In May of 1921, a young Black man was accused of assaulting a white woman in a downtown elevator. That sparked the Tulsa Race Massacre. It sent mobs of white men into Black Wall Street destroying the area and killing hundreds of Black people.

Ransom shares that dark history but, he also shines a light on the renaissance after the destruction.

“The fact that it rebuilt and made more money during the rebuild than it did before the massacre,” Ransom said. “So, I more so try to teach about the resiliency of the people here because that’s the story I think that African Americans need to hear.”

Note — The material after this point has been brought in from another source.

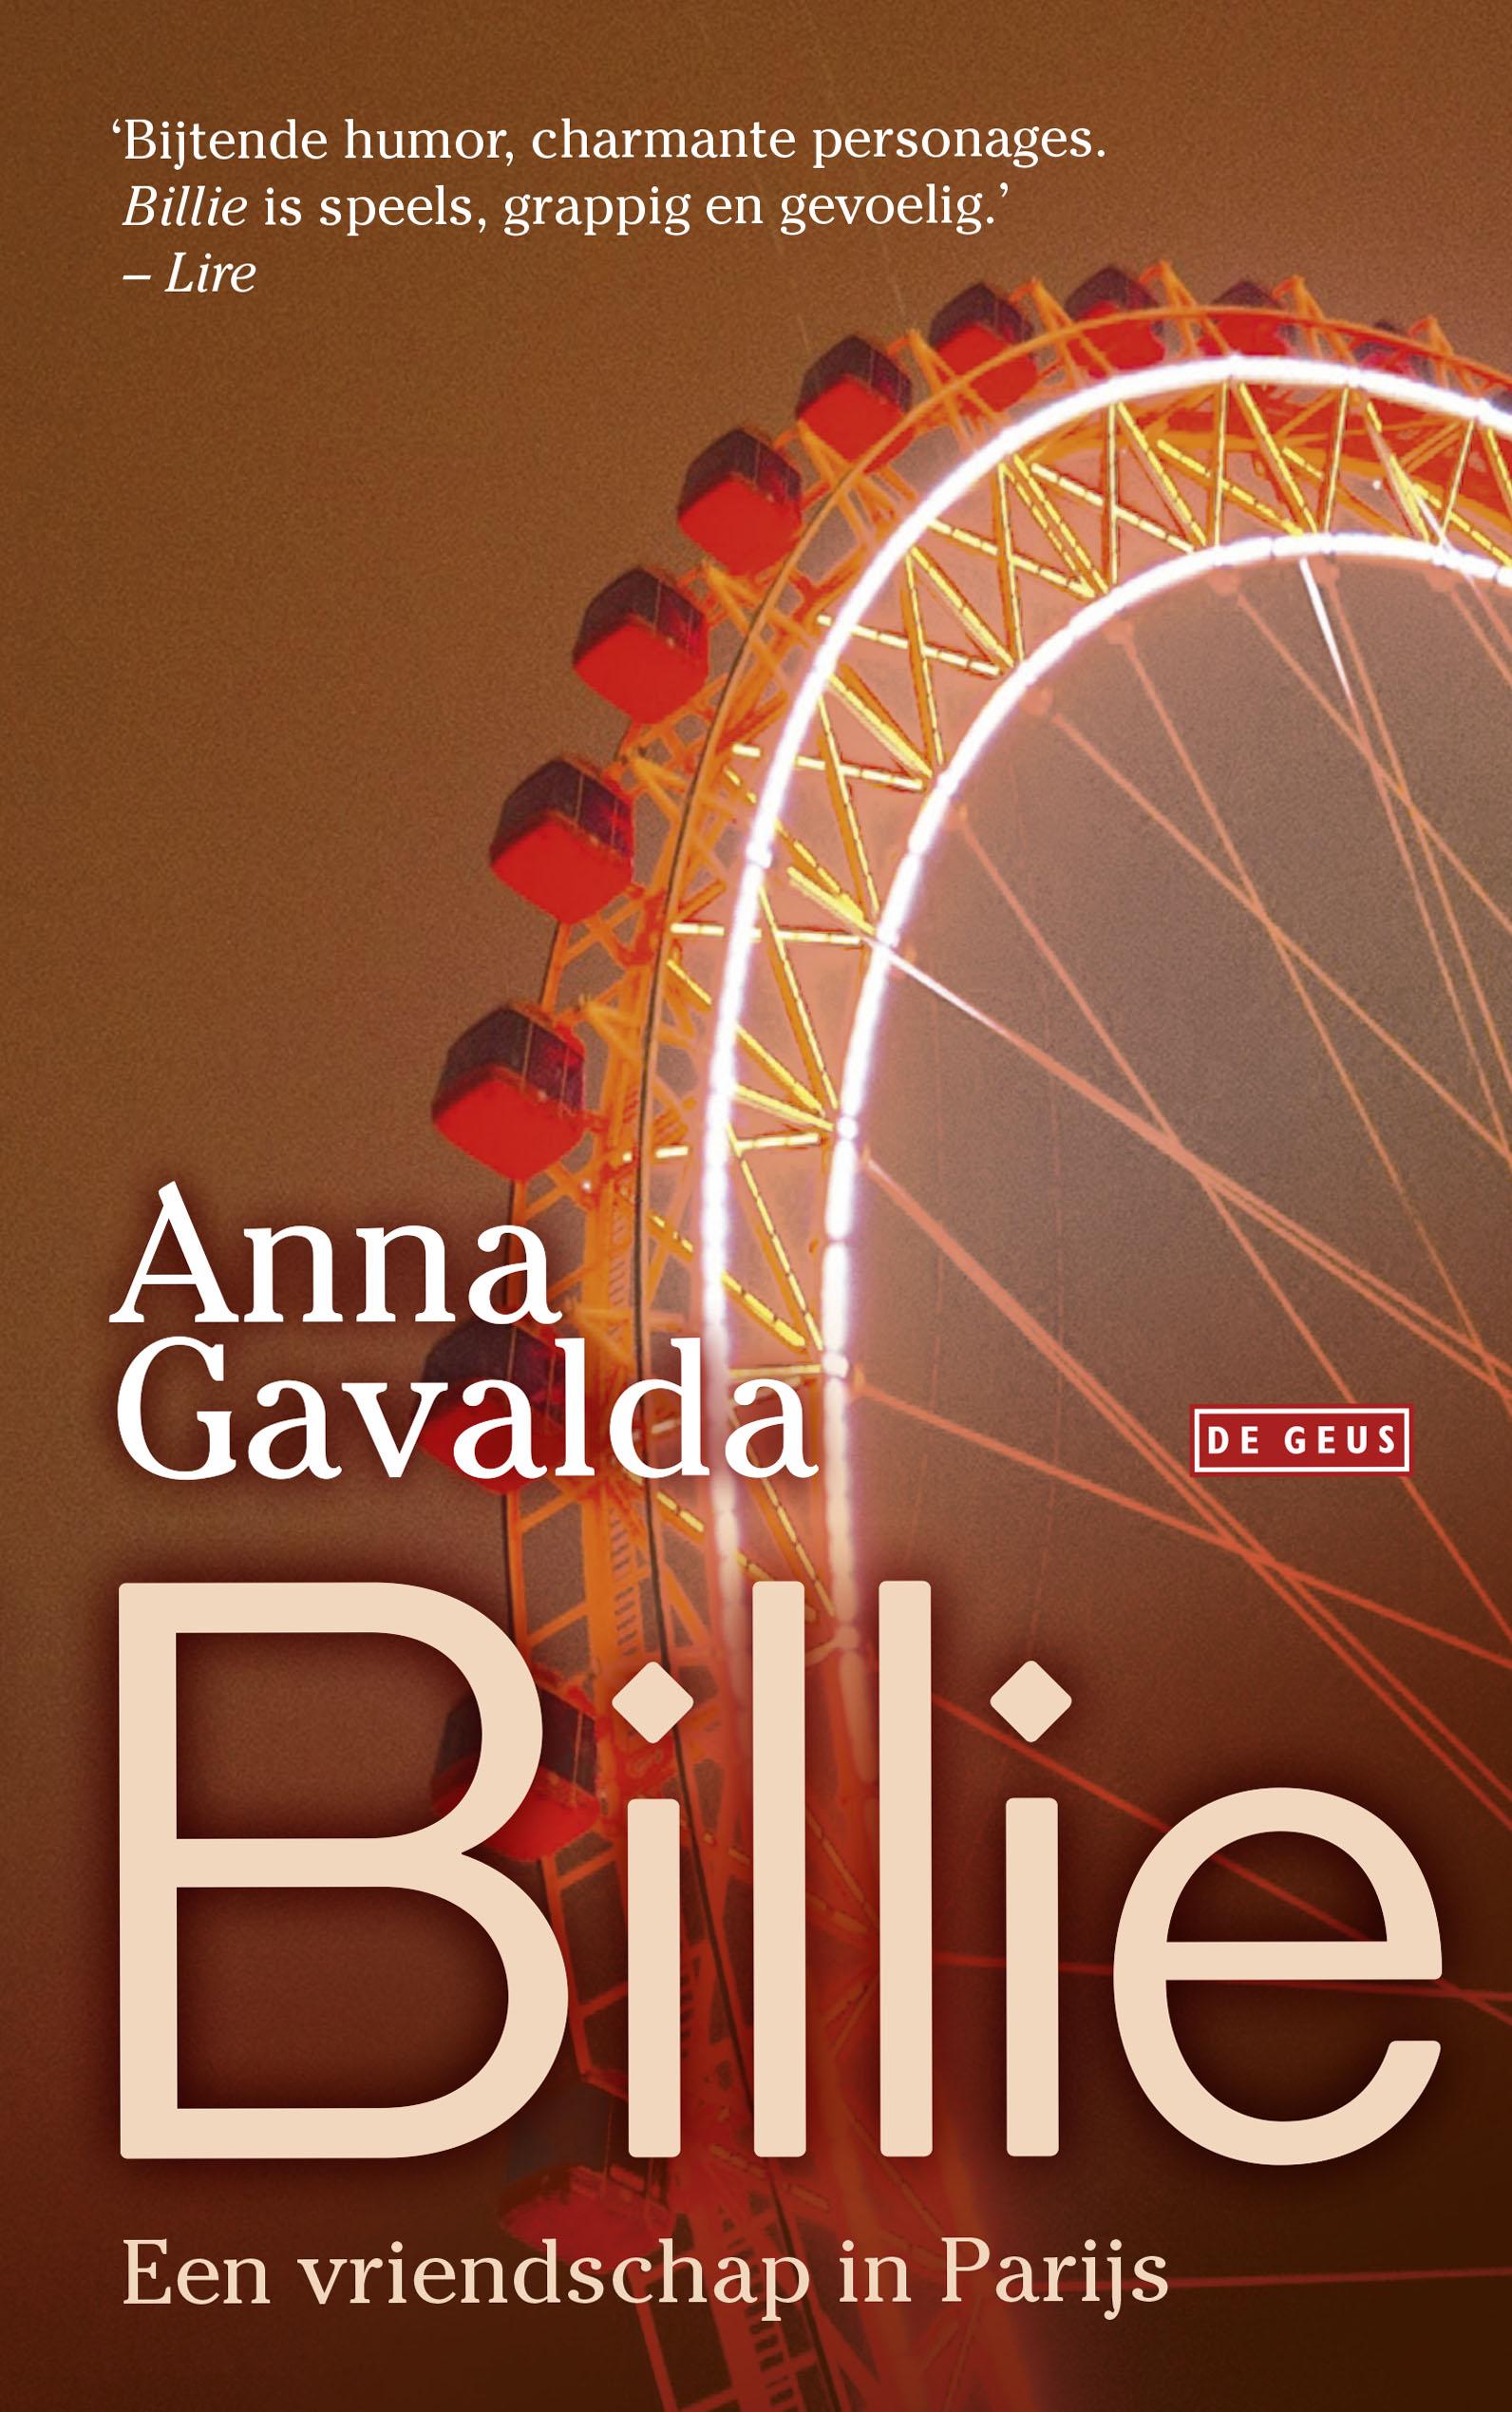 Billie – Anna Gavalda

History that connects to Tito Jackson of the famous R and B group the Jackson 5.

While passing through and shopping on Greenwood Avenue, he shared with NBC 5 reporter Vince Sims about his great uncle who was a Tulsa business owner.

“Samuel M. Jackson, he was a funeral home owner,” Tito Jackson of the Jackson 5 said. “So, he buried thousands of Black people during that period.”

He has a lot of respect for those people here making sure the history, that includes his relatives, isn’t lost.

“Black history especially is important to our people and me being connected as a family member somewhat to this whole situation makes it a little more personal to me,” Jackson said.


Collection of the Smithsonian National Museum of African American History and Culture, Gift of Princetta R. Newman

S.M. Jackson with great nephews the Jackson 5. July 1972

Ransom does his part to try and make it personal and relevant to every visitor he shares with.

“I enjoy it knowing people get to leave with some good stories about this place as well and not just May 31 and June 1,” Ransom said. “So, people knowing the before the during and the after.”

It’s that after he says should serve as inspiration.

“We didn’t go through a massacre so we can do exactly what they did especially with the knowledge we have,” Ransom said. “That sense of community that sense of soul I want people to leave with that.”